🧐

GAN3: Apply GANs

Some notes of GAN(Generative Adversarial Network) Specialization Course by Yunhao Cao(Github@ToiletCommander)

👉
Note: This note has content including week 1-3 (version as of 2022/6/16)

This work is licensed under a Creative Commons Attribution-NonCommercial-ShareAlike 4.0 International License.
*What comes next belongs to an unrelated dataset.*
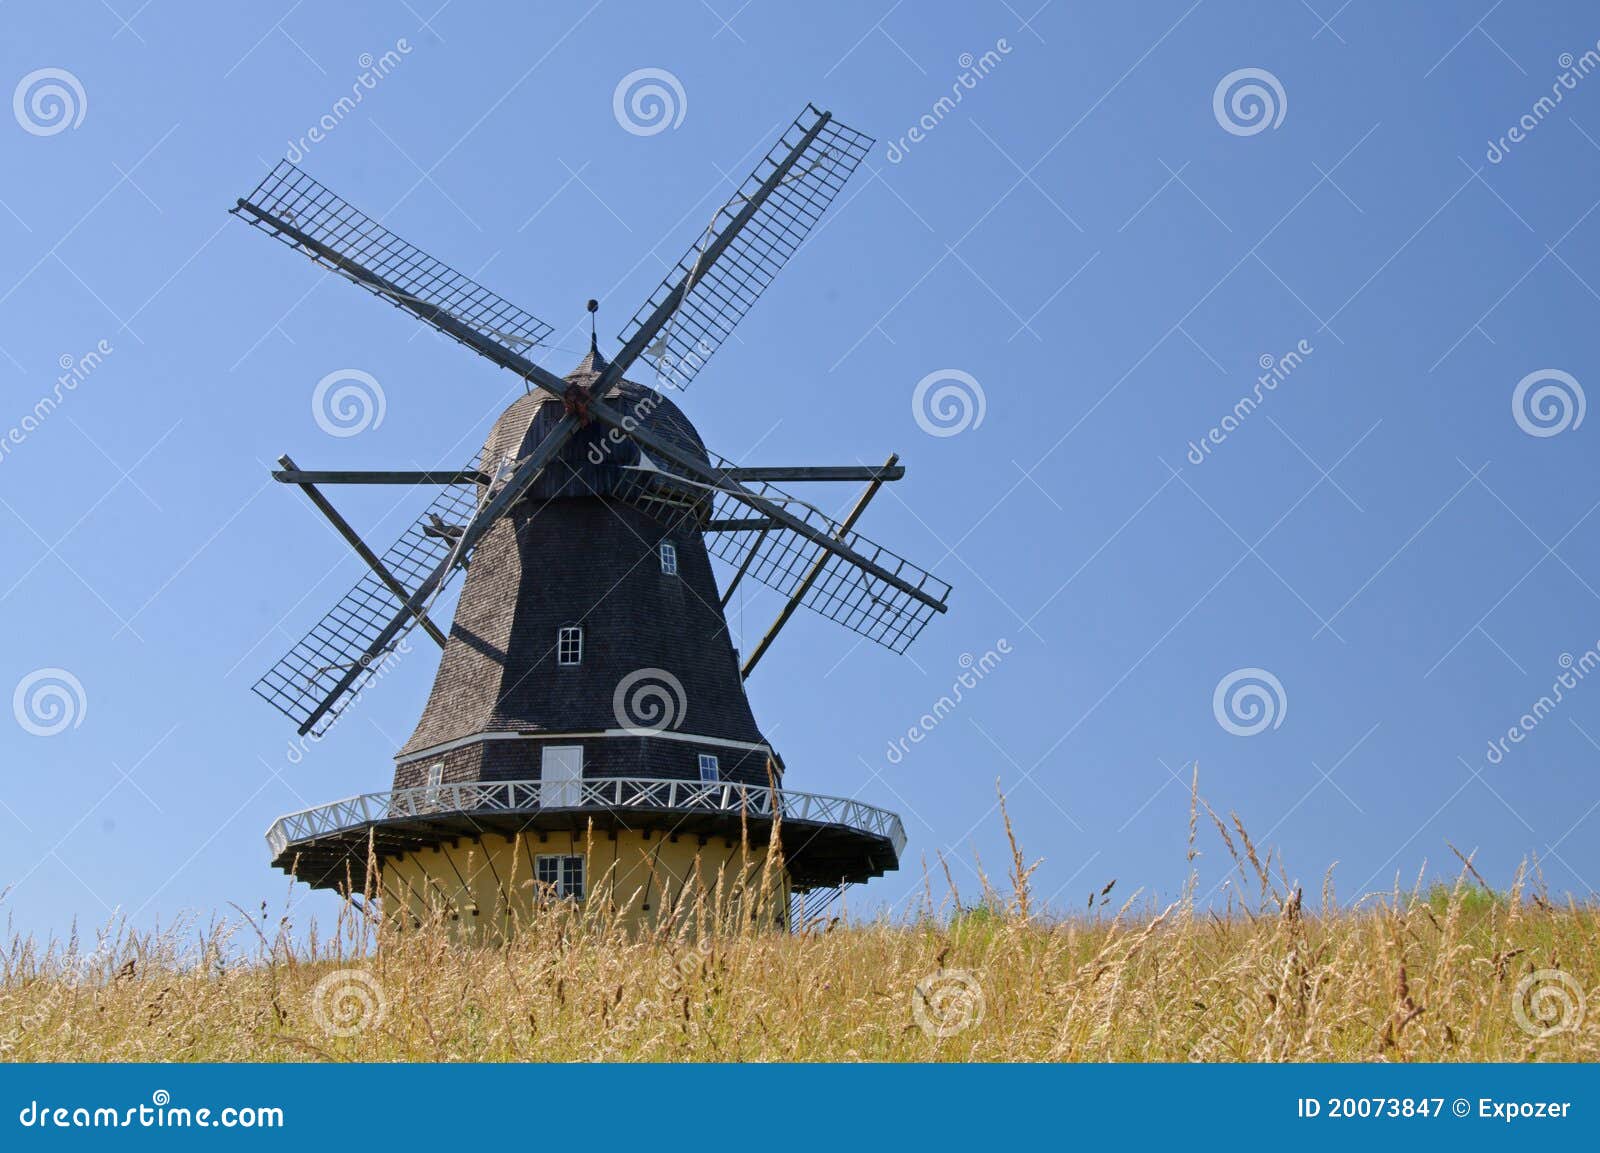 Dutch windmill placed in Denmark. Mill was build in 1852.
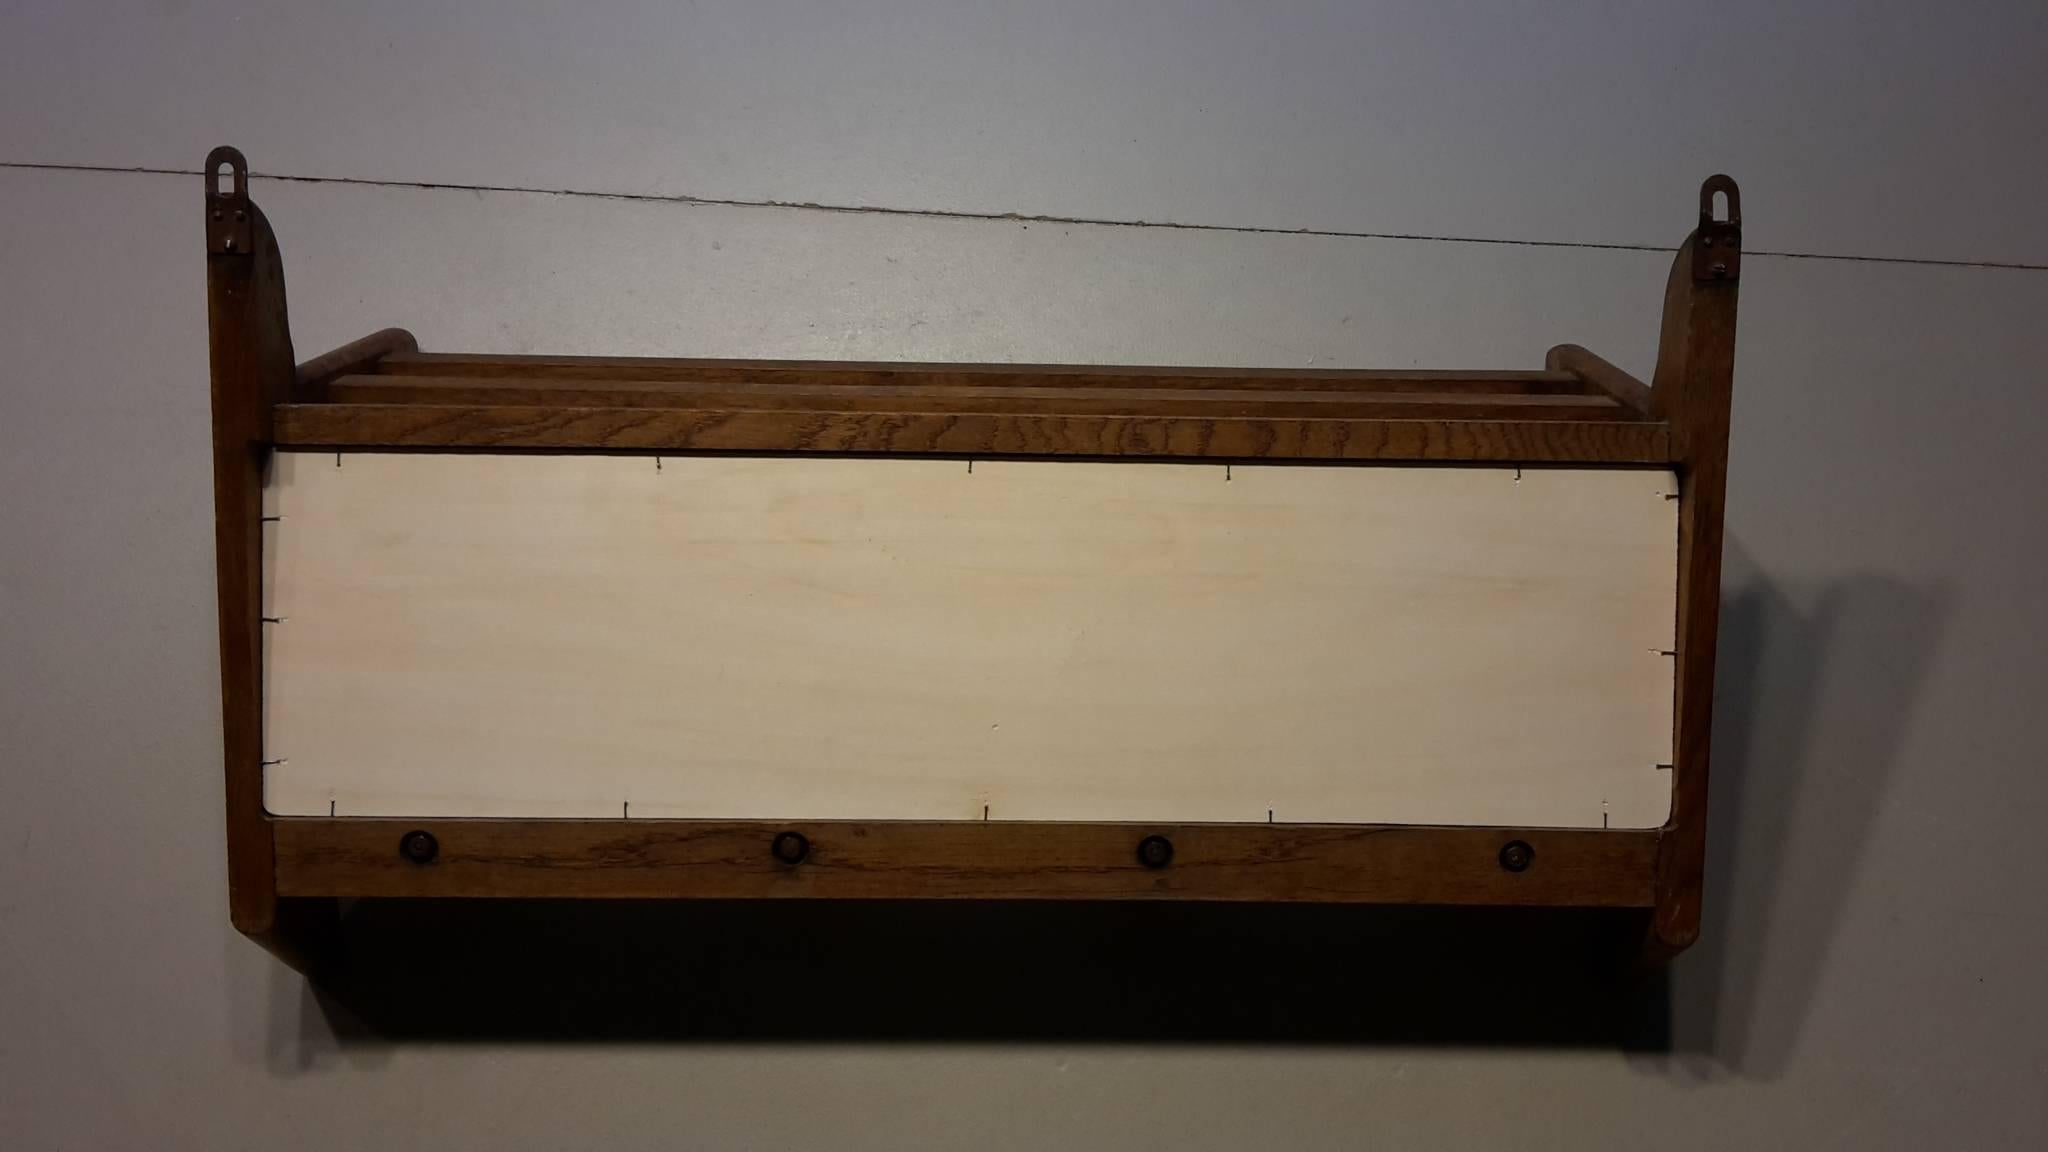 20th Century French Wall Coat Rack Made of Oak by Guillerme and Chambron, 1960s For Sale 1

Acknowledgements: Some of the resources(images, animations) are taken from:

  1. Sharon Zhou & Andrew Ng and DeepLearning.AI’s GAN Specialization Course Track
  1. articles on towardsdatascience.com
  1. images from google image search(from other online sources)

Since this article is not for commercial use, please let me know if you would like your resource taken off from here by creating an issue on my github repository.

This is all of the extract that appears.